** DATA PROVIDED **
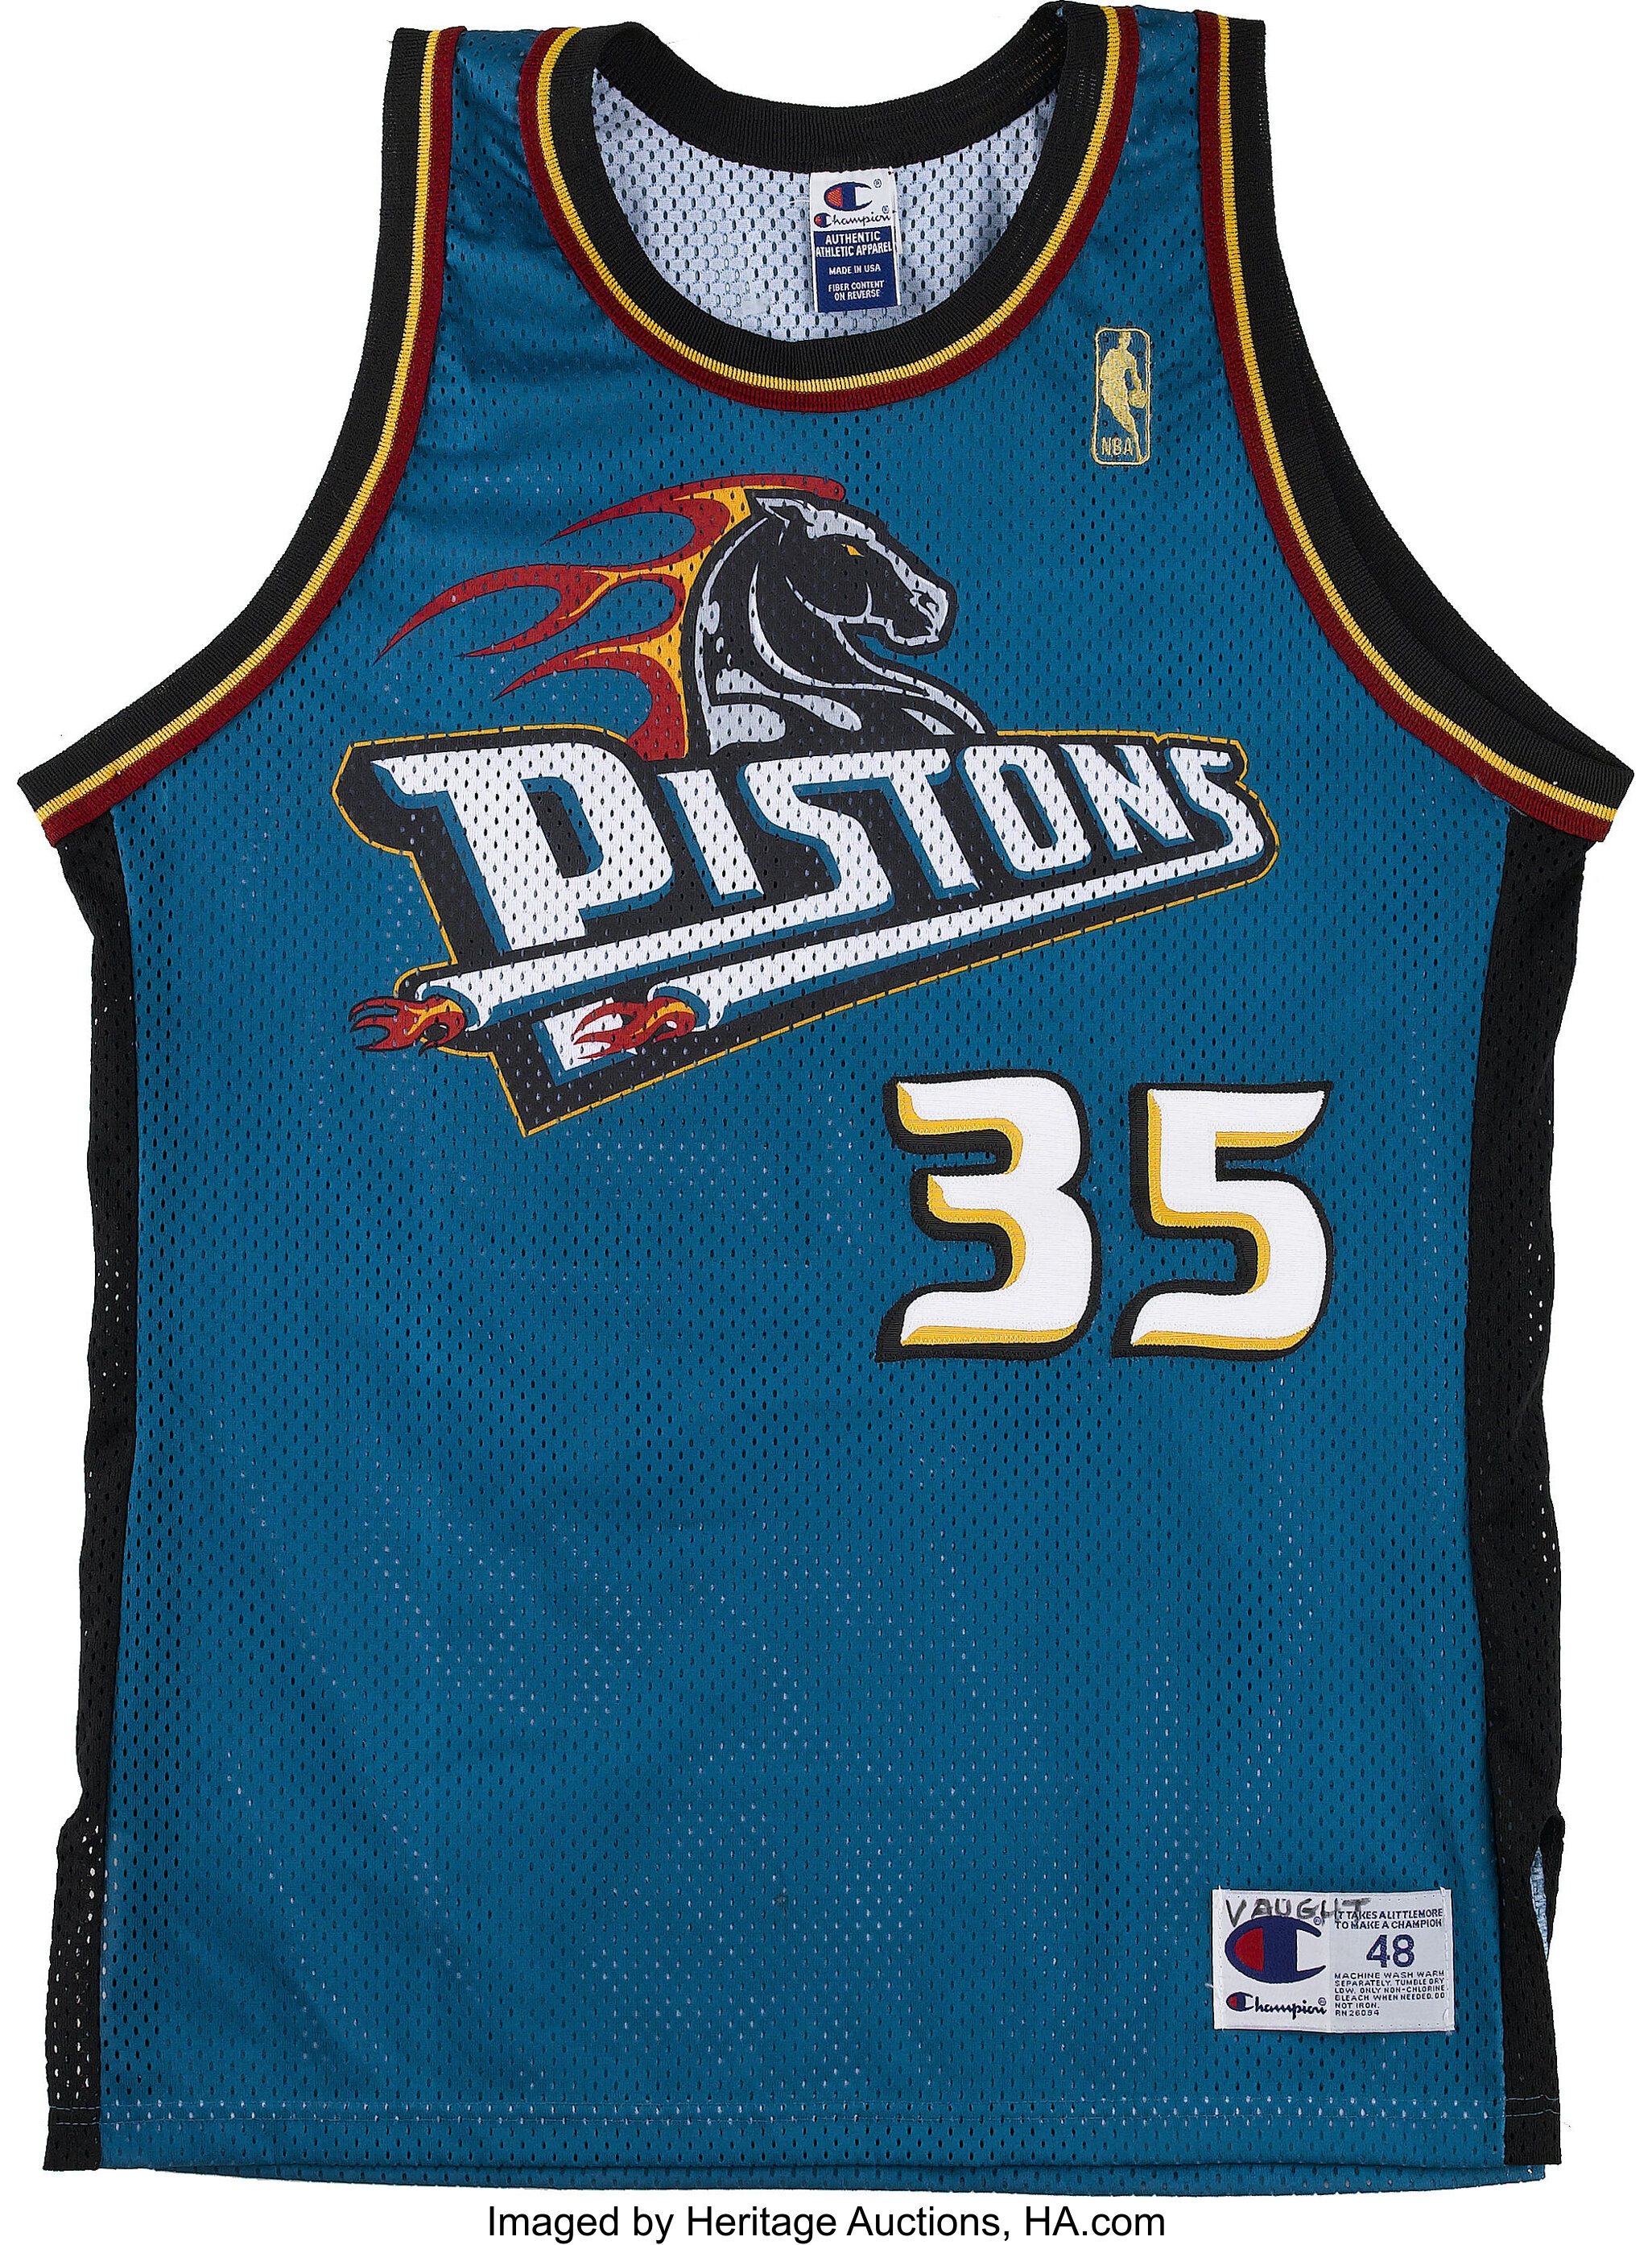 Detroit Pistons Fanatics Authentic Team-Issued Blue Don Life
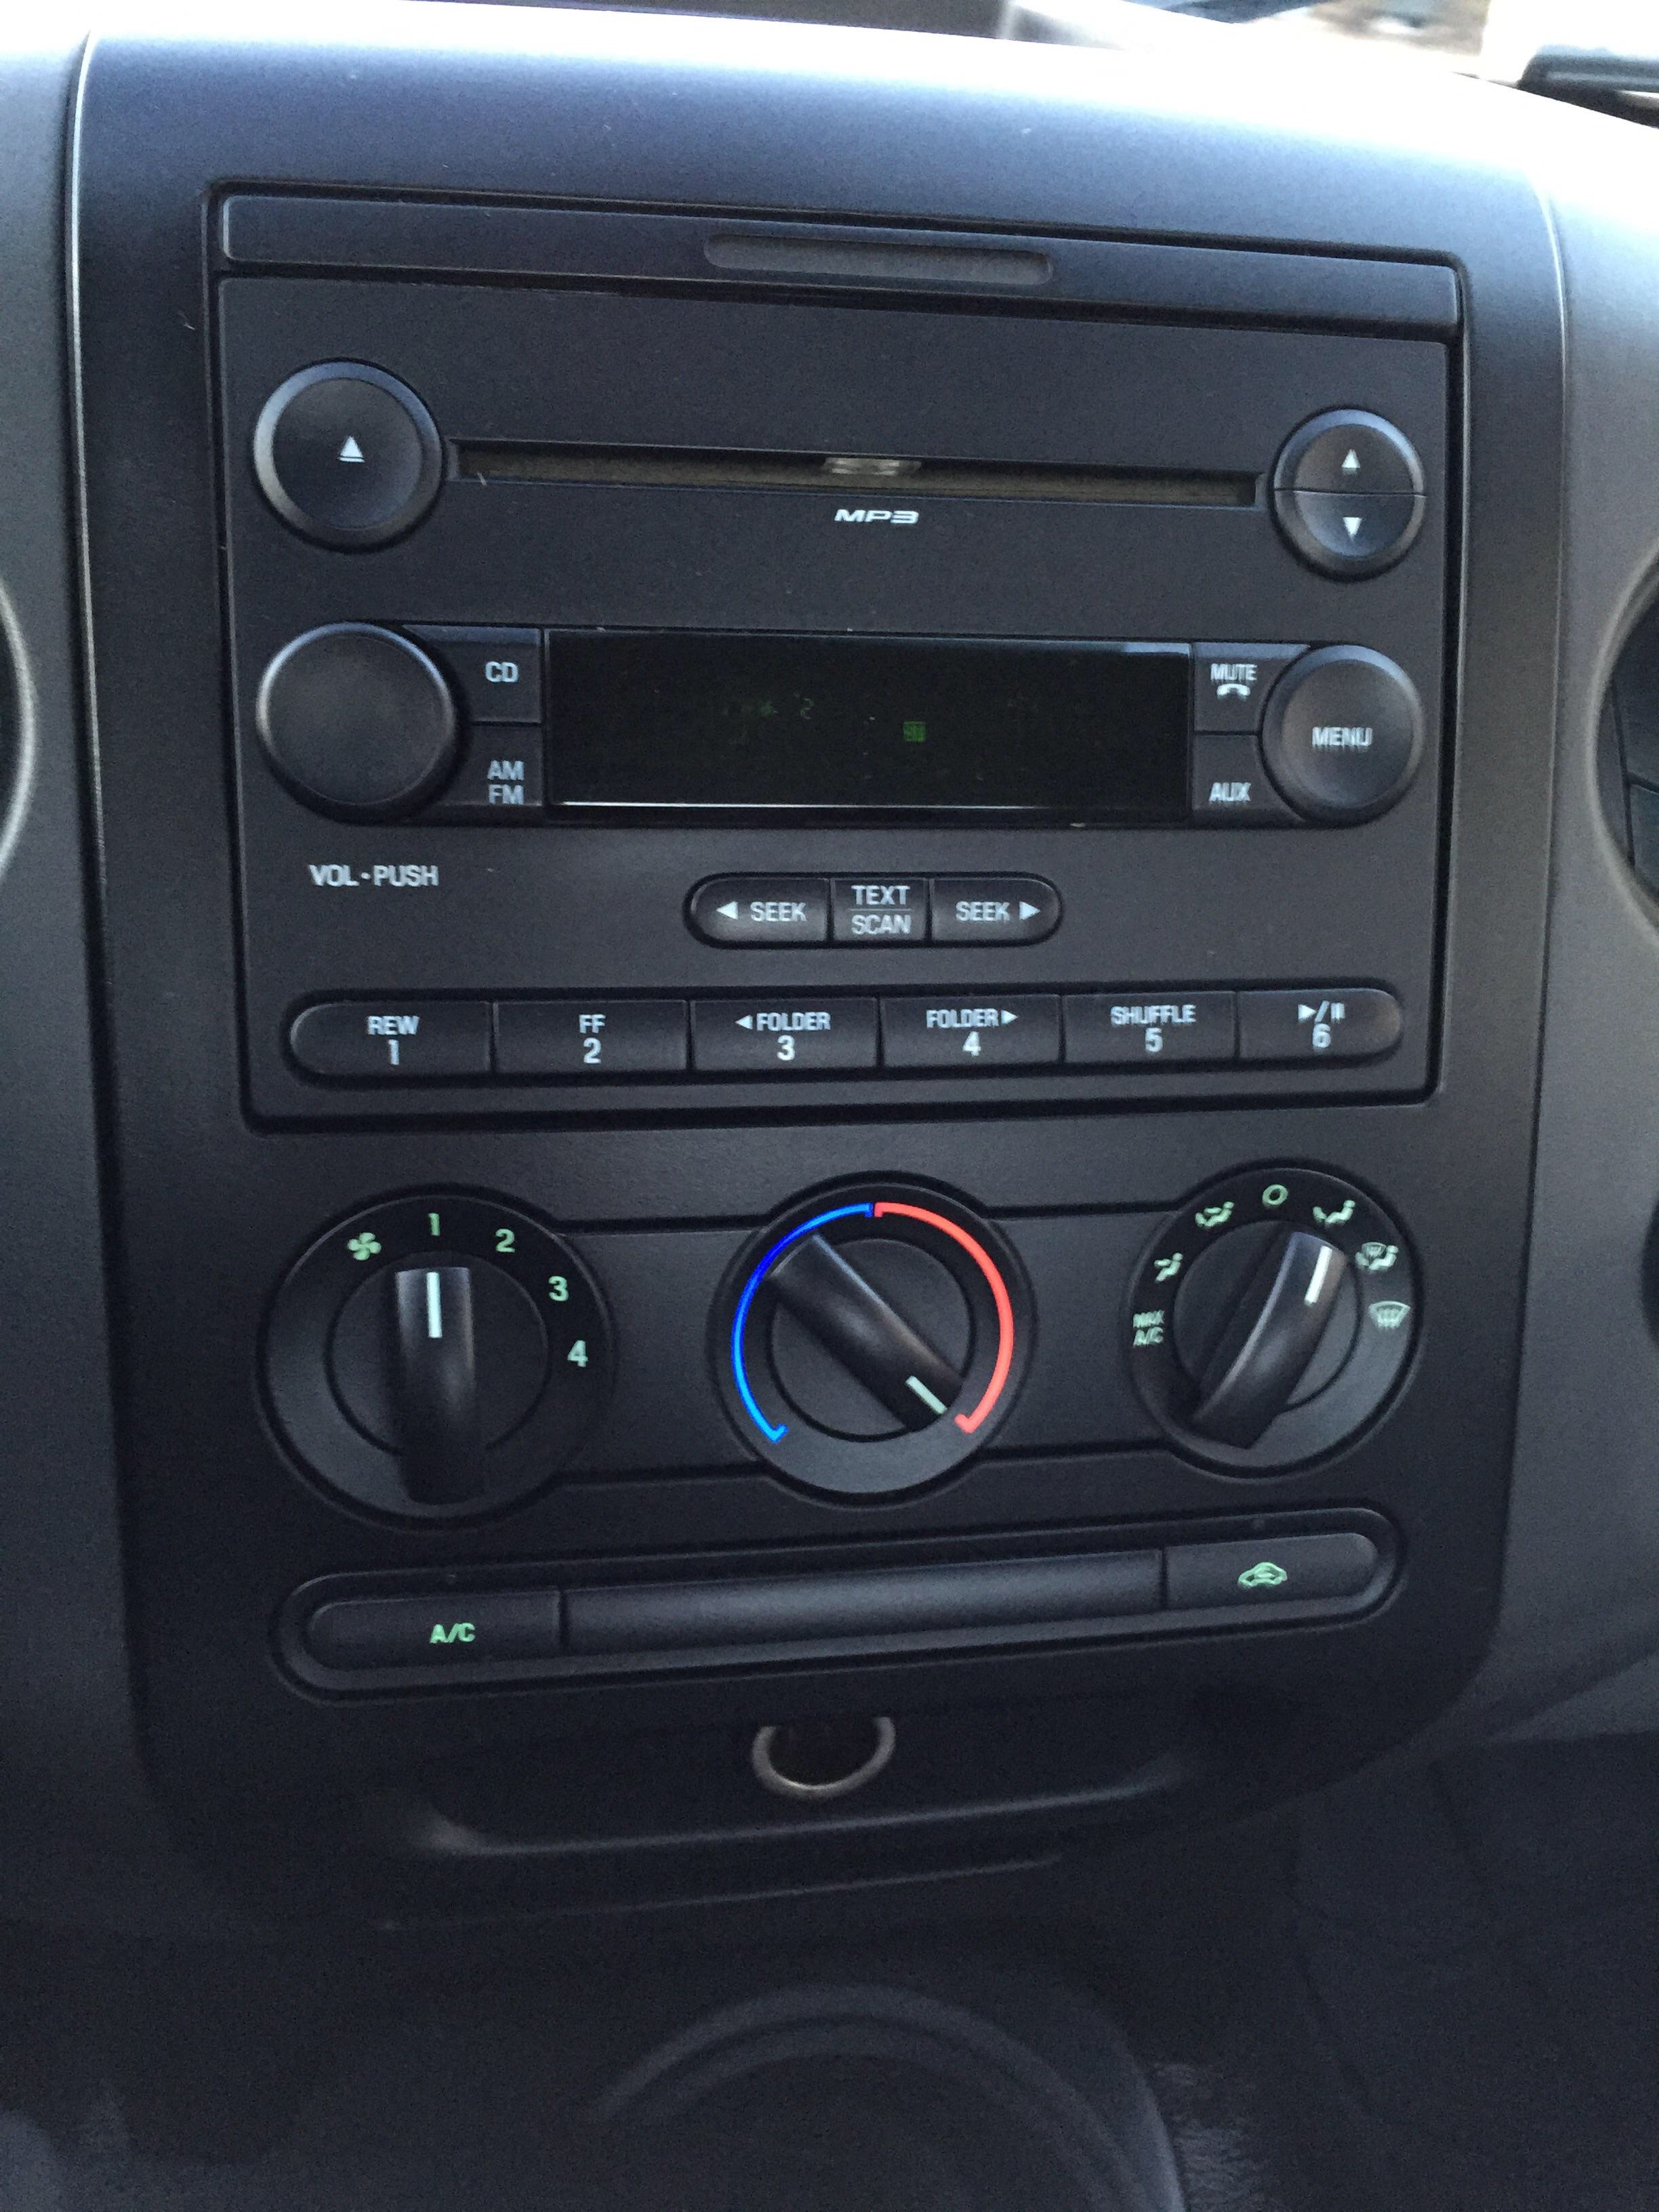 Restored 2006 Ford F-150 Pickup OEM AM FM Radio w Aux & Bluetooth
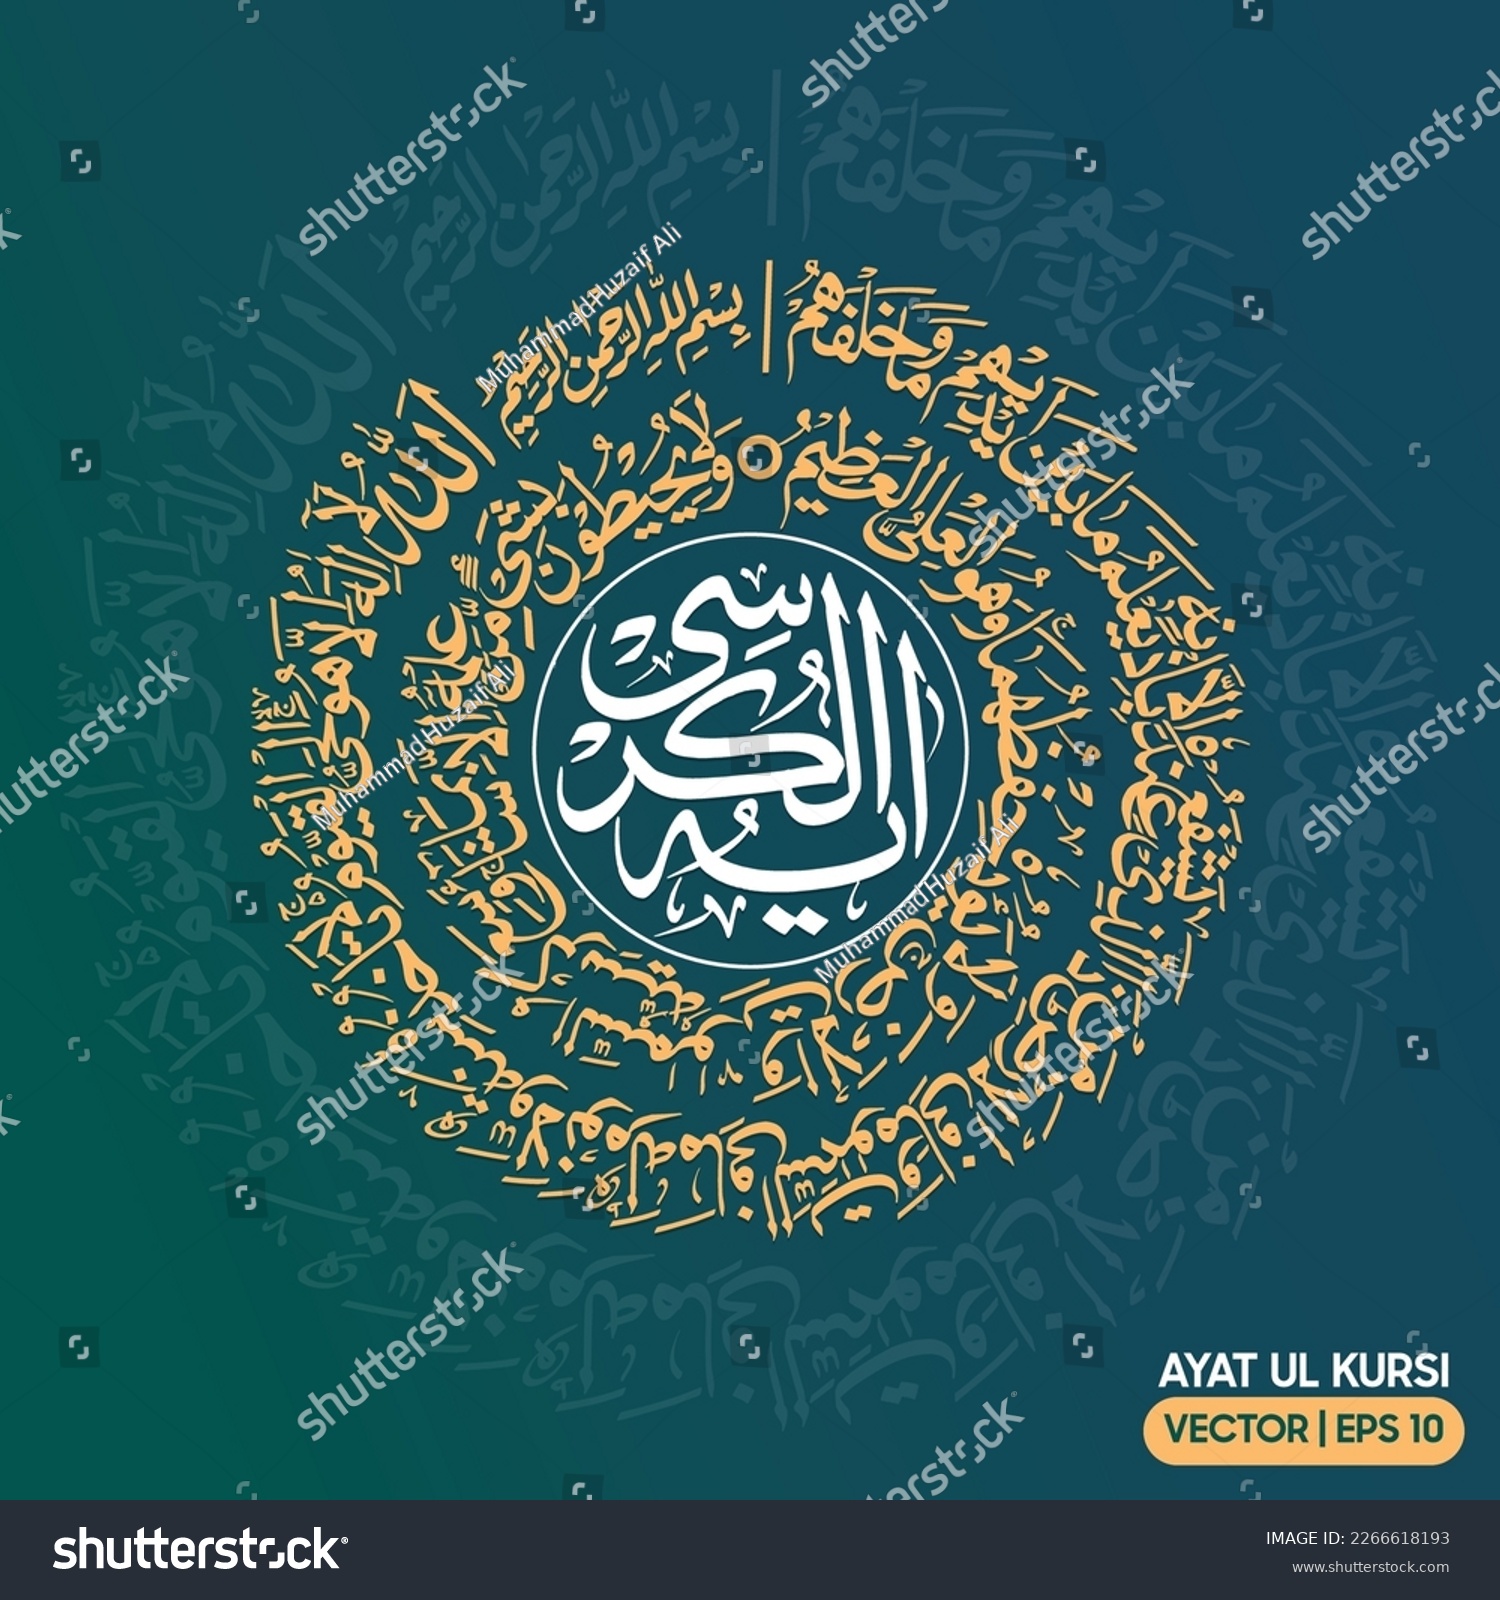 SVG of Vector Arabic calligraphy of Surah Al-Baqarah (verse number 255) - AYAT UL KURSI. svg

** YOUR ASSIGNMENT **
For this exercise, transcribe the data above line by line, exactly, with pictures omitted.

** TASK RESPONSE **
 Detroit Pistons Fanatics Authentic Team-Issued Blue Don Life
 Restored 2006 Ford F-150 Pickup OEM AM FM Radio w Aux & Bluetooth
 SVG of Vector Arabic calligraphy of Surah Al-Baqarah (verse number 255) - AYAT UL KURSI. svg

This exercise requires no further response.